I’ll race off to look in the mirror and, sure enough, the knob on the end of my nose will have a black smudge. And let me tell you, the knob on my nose does not need the added attention: it’s already hard to miss.
My ritual at this point has been to rub it off and frown at myself in the mirror, trying to figure out what I’ve done to have this happen. I work in a bank so I have stamps and a black ink pad, a multitude of black pens and, although I use it less often, a thick black nikko. My life at work revolves around black ink.
I’ll look to see if there’s ink on my fingers and try to figure out if I’ve scratched my nose when I was holding a stamp.
This has even become a bit of a ‘thing’ at work with some of my colleagues as we’ve tried to come up with a solution. Hey, banking is boring: we’re always looking for distractions.

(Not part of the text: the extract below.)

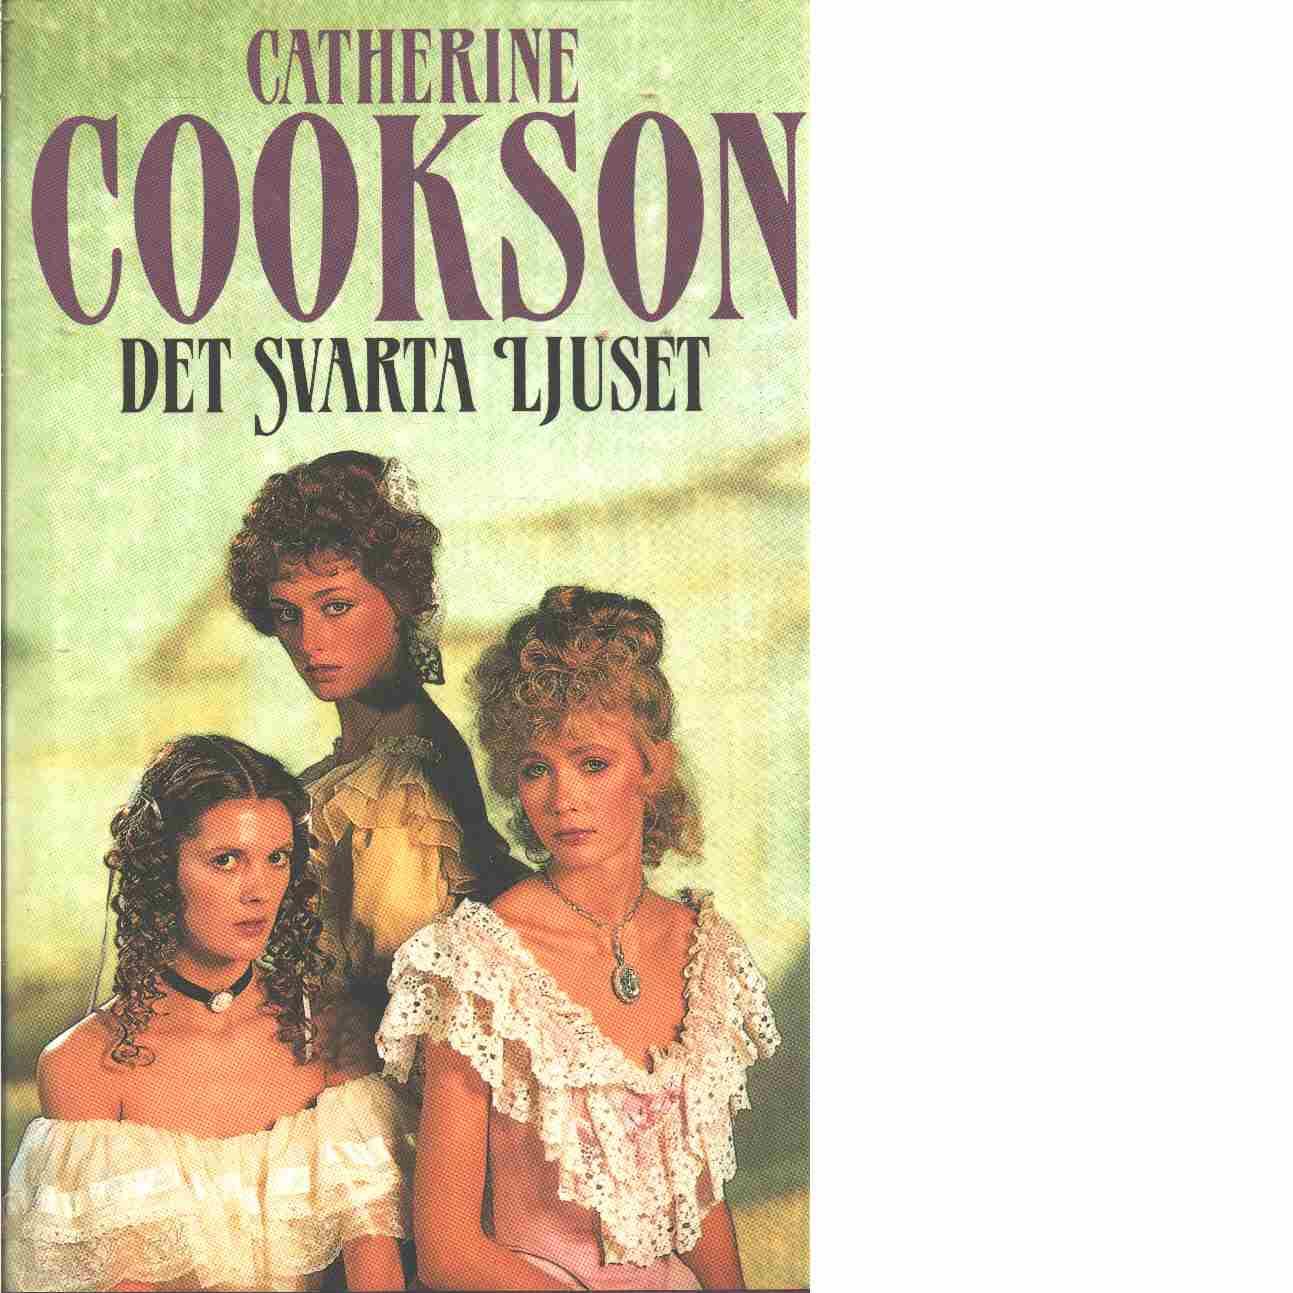 Det svarta ljuset  - Cookson, Catherine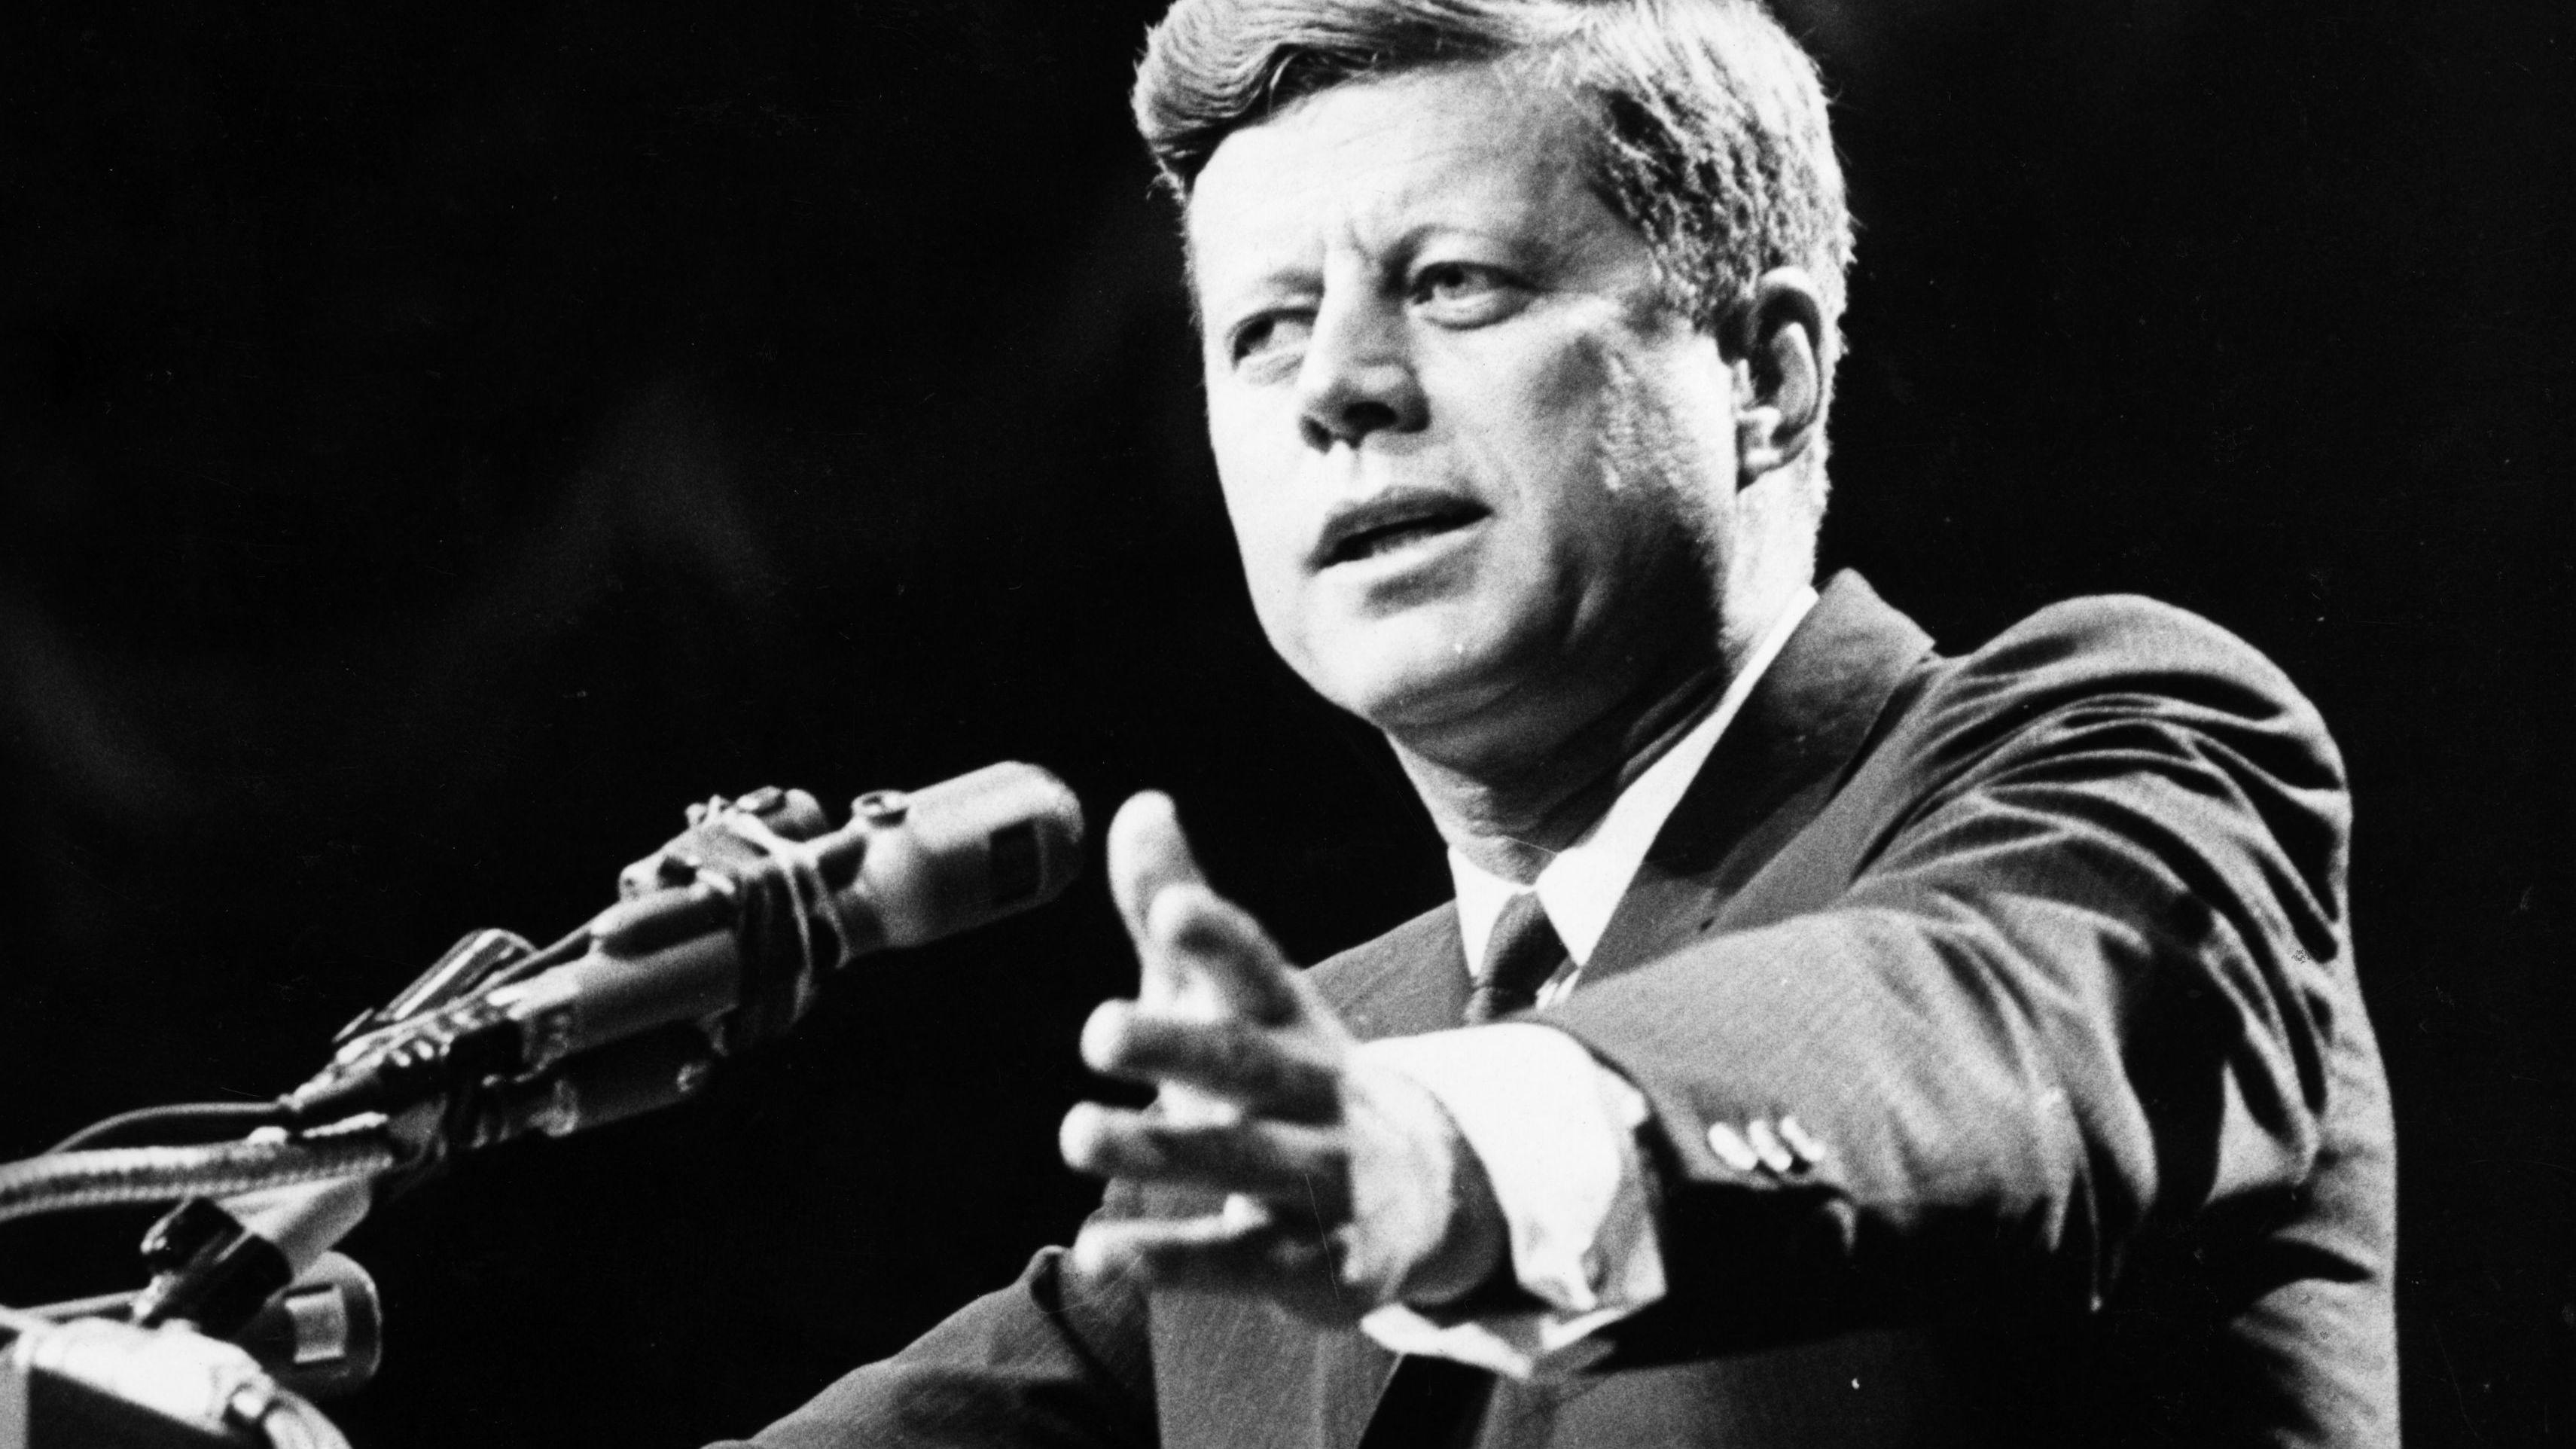 United States Historic Picture Print President KENNEDY Famous Photo JFK Portrait

After months of this happening a couple times a week, today we finally got our answer.
“You’ve got ink on your nose,” a fellow staff member told me.
I did my mirror/wipe/frown/think bit and then went back to my work. Trying to push the whole thing out of my mind I picked up my coffee and took a sip.
“You’ve got ink on your nose,” a different staff member pointed out to me. Then she squealed. “I know what it is!”
And even as she said it I realized the answer had been right in front of me the whole bloody time.
It was my coffee!
Or more specifically, the two sugars I have in my coffee.
Whether or not I was to have an inked nose each day has ultimately depended on where the lady at the cafe wrote my request for two sugars.
So mystery solved. Which is great.
Although truth be told, if I’d had a choice, I’d rather have solved that whole sex thing 😉
Bruce Devereaux hangs out at his:
’BIG FAMILY little income’ Facebook Page
’raising a family on little more than laughs’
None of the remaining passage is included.